Rheneas is away being overhauled, and the Skarloey Railway has recently acquired two new engines: Sir Handel and Peter Sam. Peter Sam is naïve but well-meaning, but Sir Handel is rude and arrogant. Skarloey shows Sir Handel how to do things when he rescues the pompous engine's train.

==== Notes ====
- This book was written at the suggestion of L. T. C. Rolt and was based upon the Talyllyn Railway.
- The story "Peter Sam and the Refreshment Lady" was inspired by an incident when Awdry was left behind on the railway when he was a volunteer as a guard.
- The other three stories in the book are all based directly on L. T. C. Rolt's book Railway Adventure which describes the first two years of operation of the Talyllyn Railway by enthusiasts.
- The illustration of Glennock Station is based on Aberllefenni Station on the Corris Railway.
- The story Old Faithful marks the first time in the Thomas & Friends franchise when the line Luckily no one was hurt was said.

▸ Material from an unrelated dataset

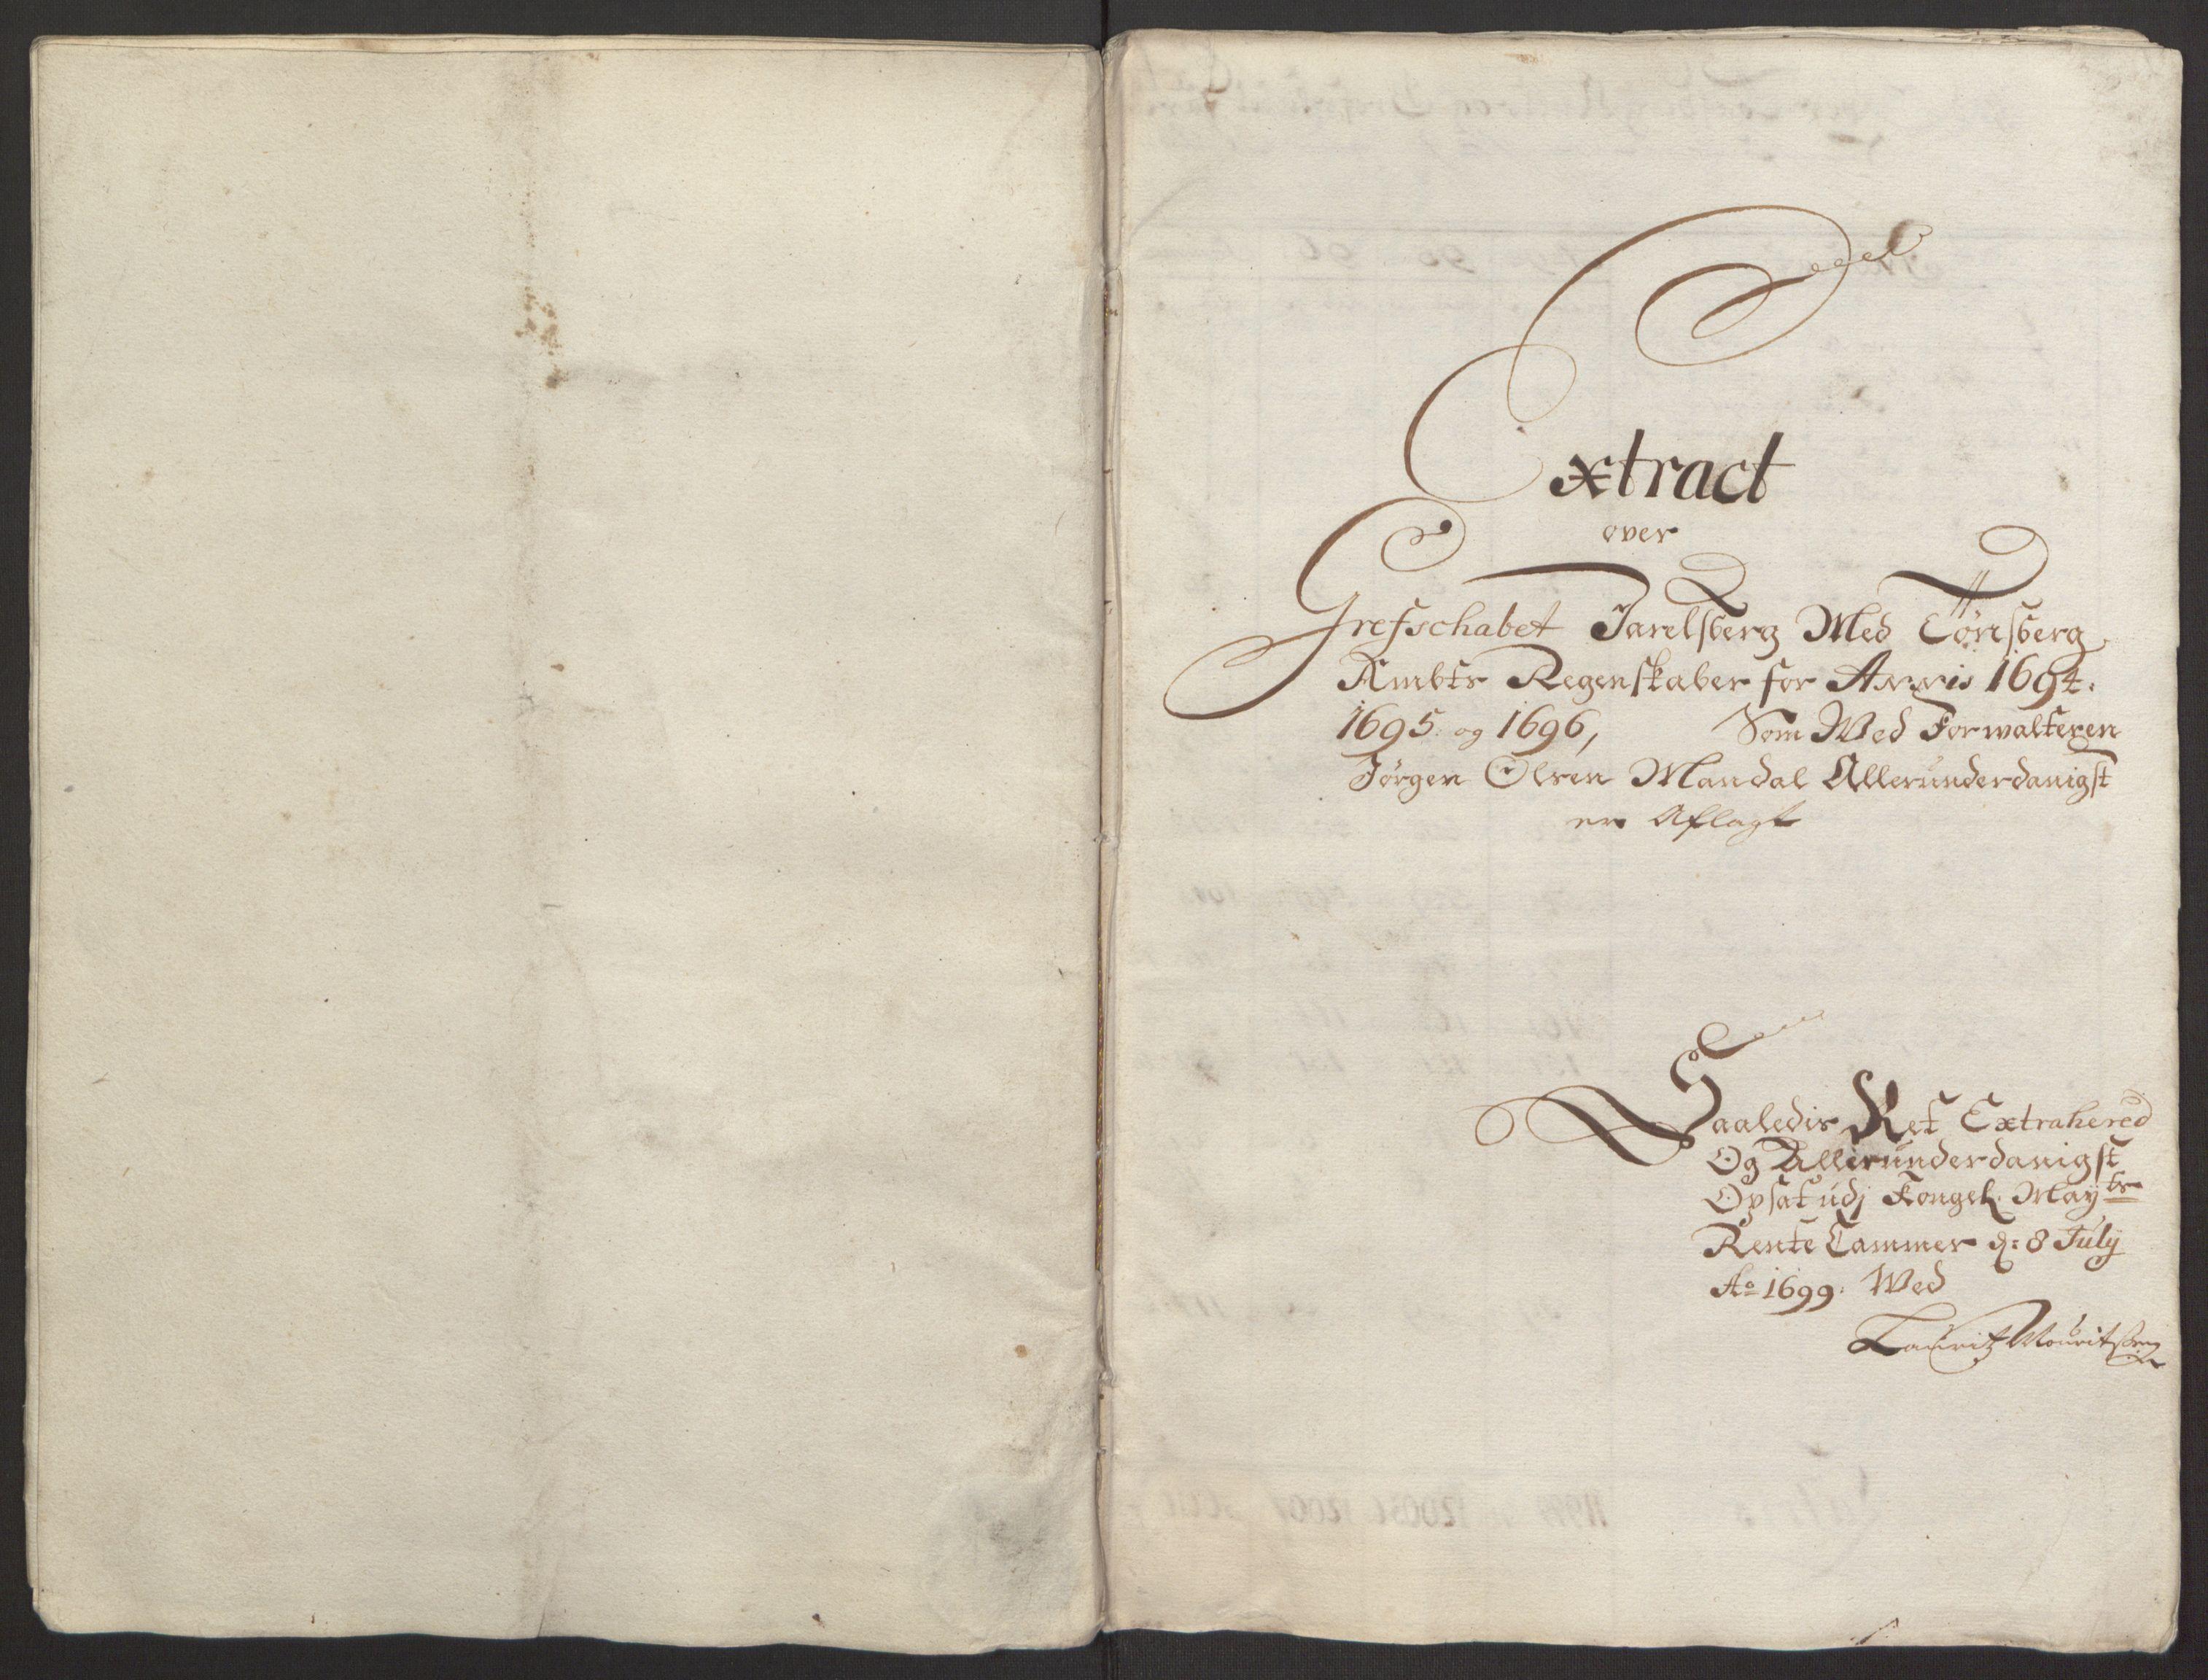 RA, Rentekammeret inntil 1814, Reviderte regnskaper, Fogderegnskap, R32/L1867: Fogderegnskap Jarlsberg grevskap, 1694-1696, s. 443

=== Percy the Small Engine ===
- Book no. 11
- Published September 1956
- Illustrated by C. Reginald Dalby

==== Stories ====
- Percy and the Signal
- Duck Takes Charge
- Percy and Harold
- Percy's Promise

Percy loves playing jokes, which sometimes gets him into trouble with the bigger engines, so the Fat Controller obtains a new engine called Montague, who's nicknamed "Duck", to do shunting work and sends Percy to work with Thomas and Toby on their branch line. He meets Harold the Helicopter and saves the day during a flood.
- The first appearances of Duck and Harold.
- A piece of fictional music occurs in the third story, in the form of a song sung by Percy's fireman. The tune was composed by Awdry and is featured at the end of the book.
- This was the last volume to be illustrated by C. Reginald Dalby. Awdry did not like the way Dalby portrayed Percy, saying that he made the engine look like "a green caterpillar with red stripes". Outraged, Dalby resigned from the Railway Series after this book. Brian Sibley notes that, despite the friction between author and illustrator, Dalby's work in this volume can be ranked among his best.
- Percy's Promise was originally planned to be adapted for Season 2 of the television series following Percy and Harold. It even had a script plan but this was stopped due to Britt Allcroft feeling that there was too many Percy-led episodes that season. It was adapted for Season 3 with a few changes to the story.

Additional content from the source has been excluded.